Спор продолжался еще долго, но я никого в свою веру не обратил. Они все достаточно откровенно заявляли, что не хотят голосовать за мистера Блейна, но при этом добавляли, что голосовать все-таки будут. Потом Генри Робинсон сказал:
– До выборов еще далеко. Вам хватит времени, чтобы образумиться, и вы образумитесь. Вы не сможете противостоять всему, что вас окружает. В день выборов вы проголосуете за Блейна.
Я сказал, что вовсе не пойду голосовать.
С этой минуты и до полуночи редакция "Карента" переживала крайне неприятное время. Генерал Холи{109}, главный редактор (он же главнокомандующий этой газеты), был на своем посту в конгрессе, и до двенадцати часов ночи между ним и "Карентом" шел оживленный обмен телеграммами. За предыдущие два года "Карент" успел превратить мистера Блейна в "смоляное чучелко"{110} и каждый день обмазывал его свежей порцией смолы, – а теперь газете предстояло восхвалять и всячески приветствовать его и убеждать уже достаточно просвещенных читателей, что их долг – помочь "смоляному чучелку" стать у кормила власти. Положение получилось не из легких, и сотрудникам "Карента" во главе с генералом Холи понадобилось девять часов, чтобы проглотить эту горькую пилюлю. Но наконец генерал Холи решился, и в полночь пилюля была проглочена.

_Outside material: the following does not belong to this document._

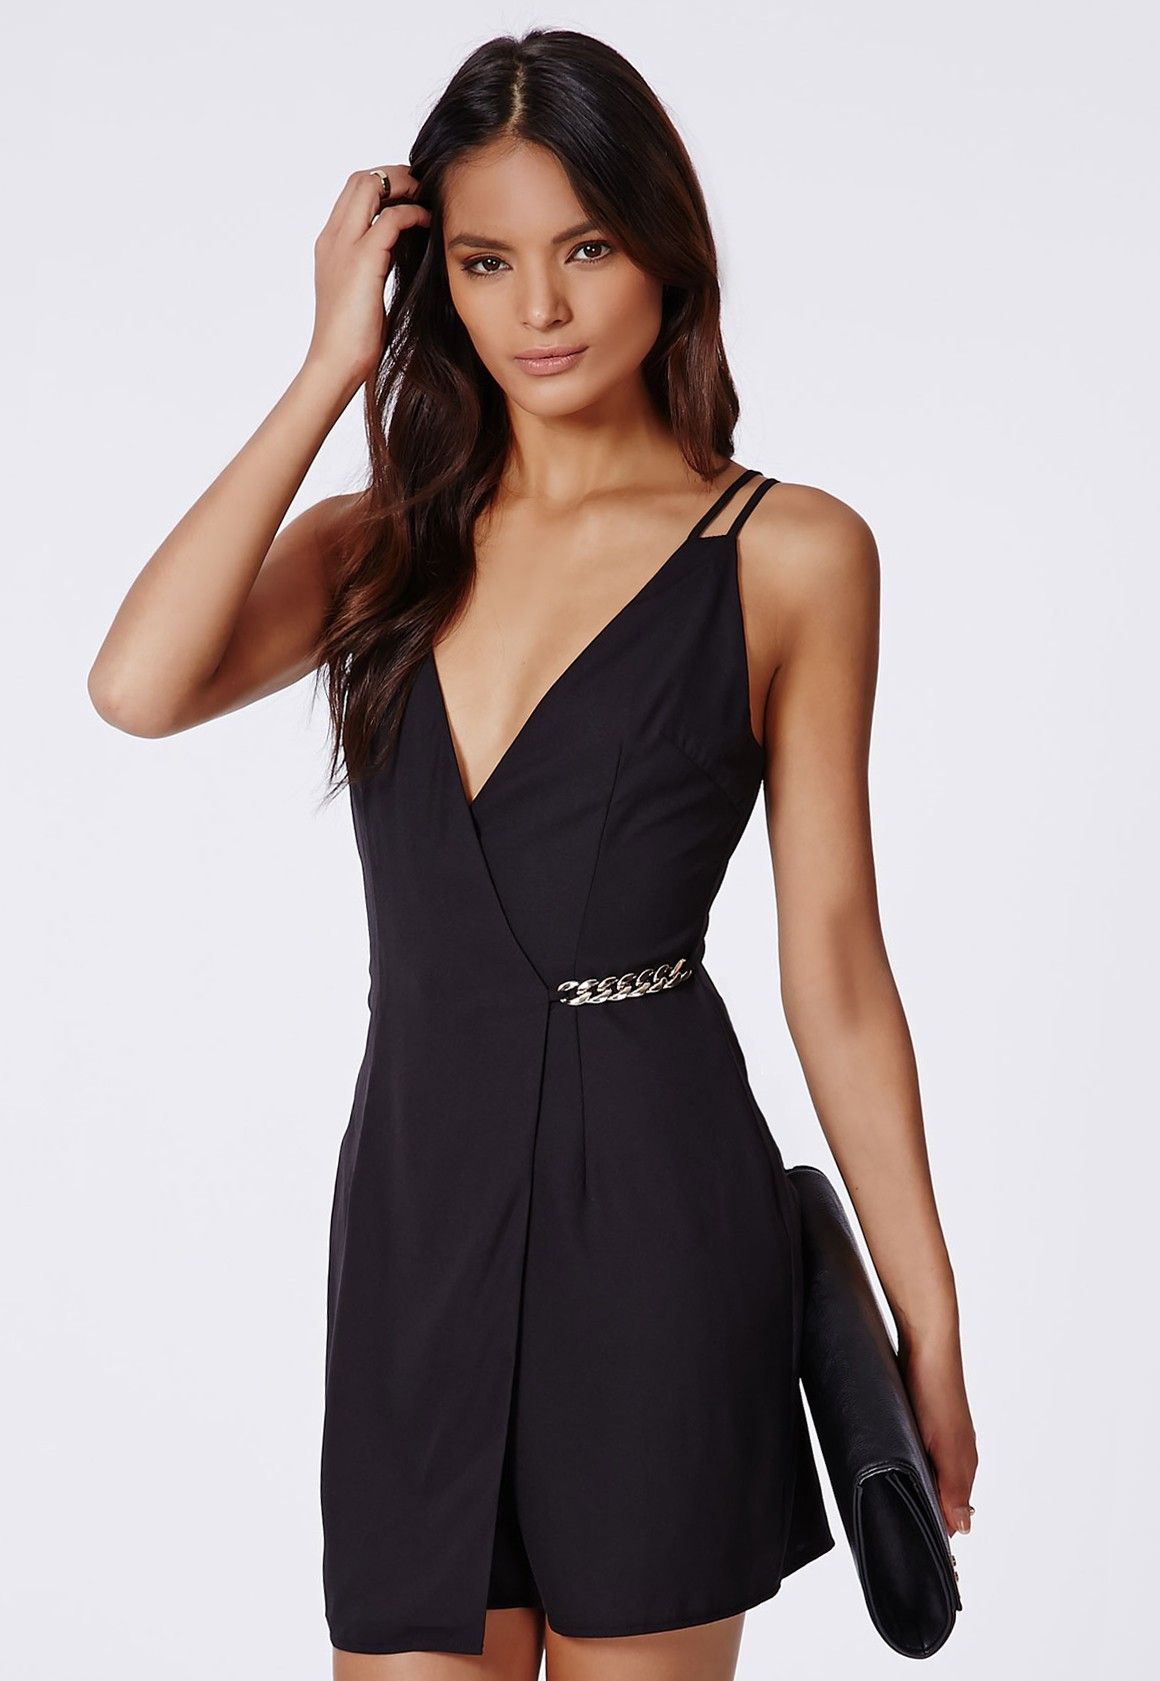 fe5e659d02 Judy Crepe Side Gold Chain Shift Dress Black - Dresses - Shift Dresses -  Missguided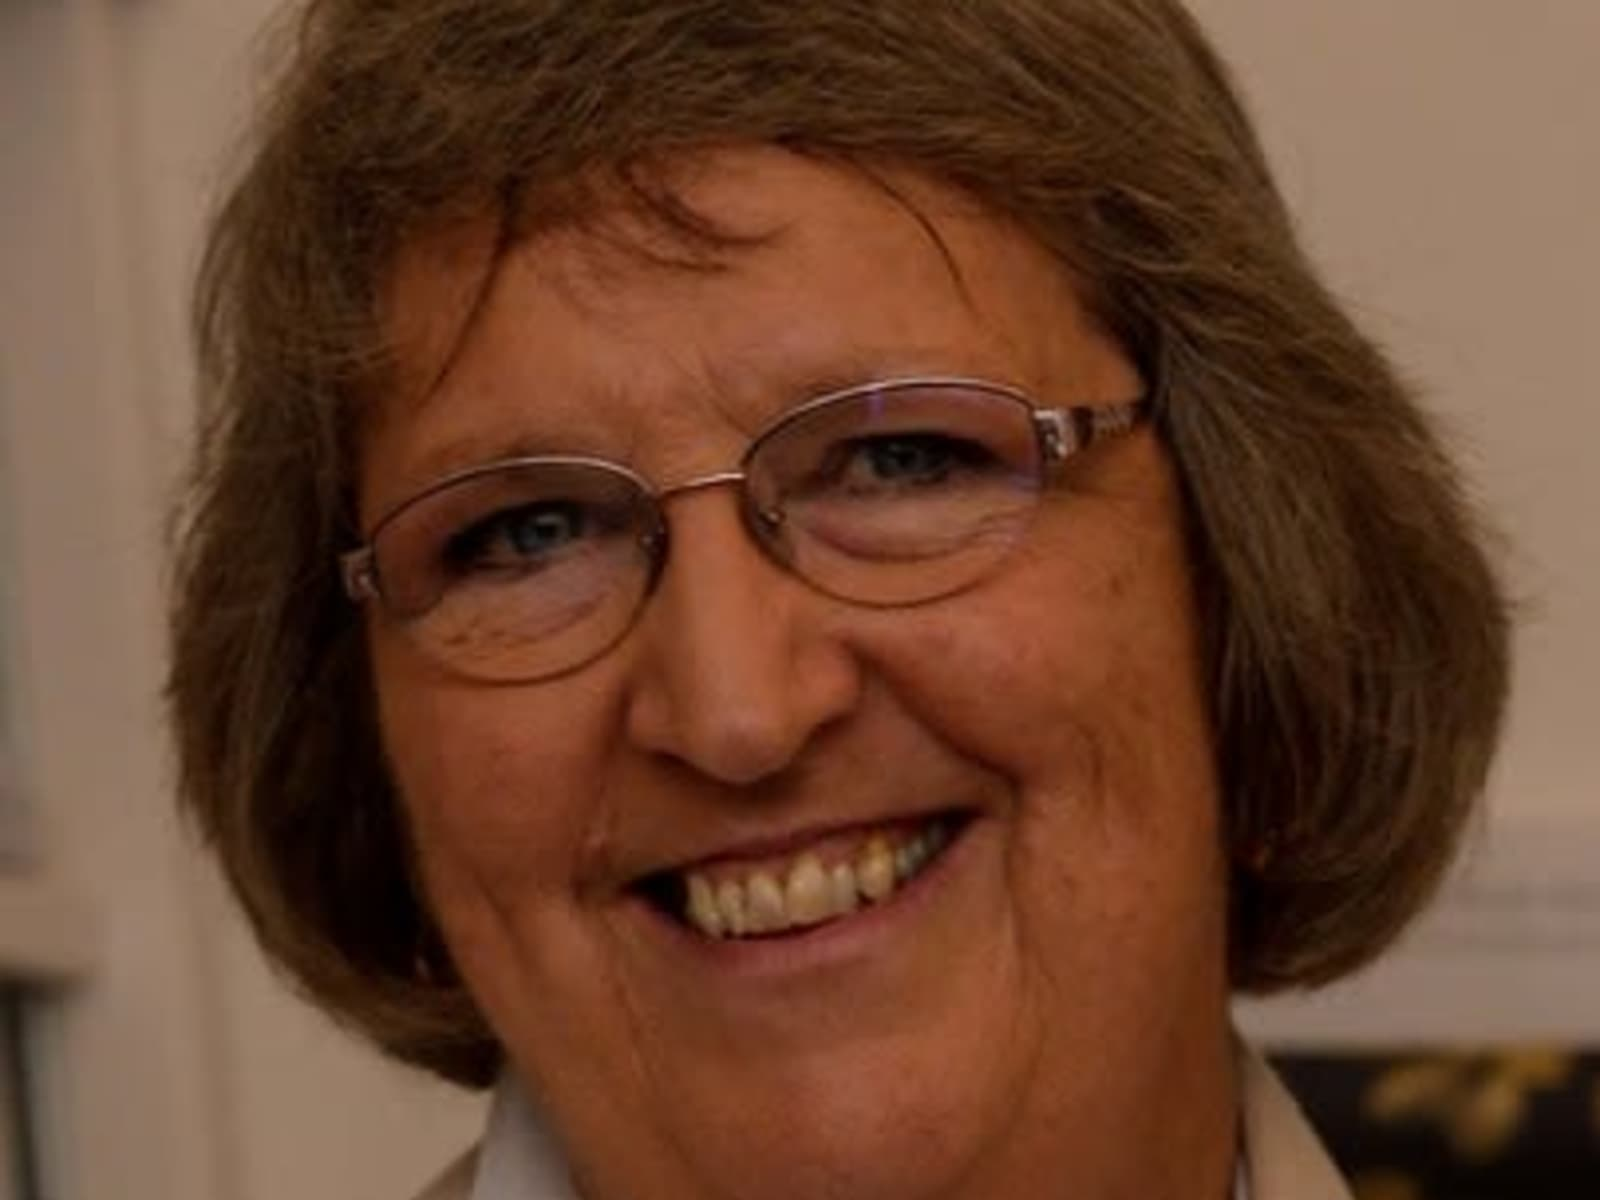 Deborah from Cheltenham, United Kingdom

Не прошло и двух недель, как "Карент" уже лихо расхваливал то, что прежде строго порицал, а еще через месяц характер газеты изменился полностью – и по сей день ей еще не удалось до конца возвратить себе прежние достоинства, хотя под руководством Чарльза Хопкинса Кларка она вернула их, по моим подсчетам, процентов на девяносто.
Фактическим редактором в то время был Чарльз Дадли Уорнер. Новые условия пришлись ему не по нутру. Обнаружив, что он не в силах повернуть свое перо в противоположном направлении и заставить его двигаться задом наперед, он решил отложить его совсем. Он отказался от обязанностей и от жалованья редактора, жил с тех пор на доходы, которые получал как совладелец газеты, и на гонорары за журнальные статьи и за лекции, а в день выборов оставил свой голос при себе.
Беседа с ученым американцем, членом богословской коллегии, которая занималась пересмотром Нового Завета, протекала именно так, как я рассказал в своей старой статье. Он с большим жаром обличал Блейна, своего родственника, и заявил, что ни в коем случае не будет за него голосовать. Но он так привык пересматривать Новые Заветы, что ему потребовалось всего несколько дней, чтобы пересмотреть эти свои собственные слова. Едва я кончил разговаривать с ним, как мне встретился Джеймс Дж. Бэттерсон. Бэттерсон был председателем известной "Компании по страхованию путешественников". Это был прекрасный человек, волевой человек и превосходный гражданин. Он принялся обличать Блейна с не меньшим жаром, чем это только что проделал священник; но не прошло и двух недель, как, председательствуя на республиканском предвыборном митинге, он уже восхвалял Блейна, причем в таком восторженном тоне, что человеку неосведомленному могло показаться, будто республиканская партия была взыскана особой милостью и ей удалось заполучить в кандидаты кого-то из архангелов.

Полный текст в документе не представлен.